Poll: Most Nevadans oppose Gold Butte changes, support public land protection
Nevadans oppose reductions to Gold Butte National Monument by a more than three-to-one margin, according to a Colorado College poll released Thursday morning, and a majority of respondents disprove of how the current administration has handled environmental issues.
The annual Conservation in the West poll, conducted by a bipartisan research team, surveyed 400 registered voters in eight Western states, including Nevada. The poll, with a 5 percent margin of error, found an uptick in westerners who view themselves as conservationists amid growing concern about a range of environmental issues, from poor streamflow to wildfires.
As was true under the prior administration, the poll showed broad support for public land. The poll found Western voters — in Arizona, Colorado, Idaho, Montana, New Mexico, Nevada, Utah and Wyoming — favor emphasizing public lands protection over energy production. Republican voters favor protection by a slim 6 percent margin, siding with Democrats (73 percent margin) and independents (52 percent margin).
Where there is partisan disagreement is over specific questions about how public lands should be managed. How much public land should be available to private companies? Does it make sense to privatize campgrounds?
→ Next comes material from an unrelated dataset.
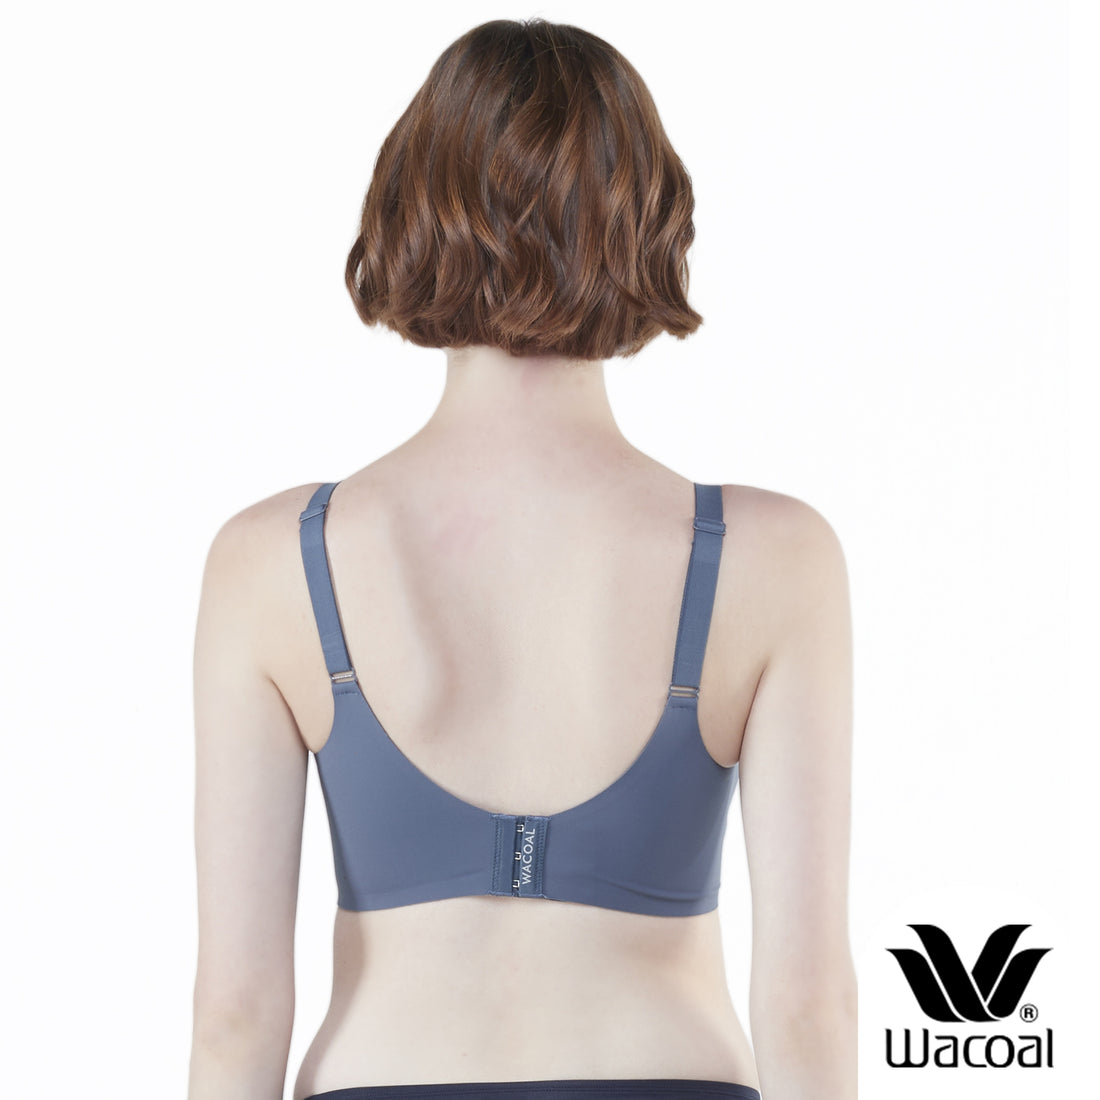 Wacoal Smart Size Go Girls Jelly Bra, Wacoal wireless bra, pack of 2, model WB3Y28/WB3228 Green-Blue (GR-BU)

Should there be higher fees for crowded National Parks?
Most Nevadans — 70 percent — think shrinking the size of Gold Butte National Monument would be “a bad thing for the state.” Last year, Interior Secretary Ryan Zinke recommended shrinking the boundaries of Gold Butte, which was designated during the final days of the Obama administration. The monument is near Mesquite, 90 miles northeast of Las Vegas.
The poll also reflected the anti-establishment undercurrents running through both parties. A small majority of Nevadans — 53 percent — said their state representatives did not reflect their values. But when asked if their D.C. representatives shared their values, 79 percent said no.
After good hydrology last season, the Southwest and almost all of Nevada has experienced below average precipitation. Snowpack, which melts into rivers in the spring, is crucial for replenishing Western water supplies like the Colorado River. Concerns about what a lackluster start to the season means for streamflow was reflected in the survey, which was conducted in December. About 86 percent of Nevadans characterized low water levels as a serious issue.
Some other interesting findings:
- 66 percent of Nevadans support keeping Obama-era sage grouse management plans.
- 70 percent of Nevadans favor water conservation and recycling to meet city demand.
- 75 percent of Nevadans think the Colorado River, Las Vegas’ main water supply, is “at risk.”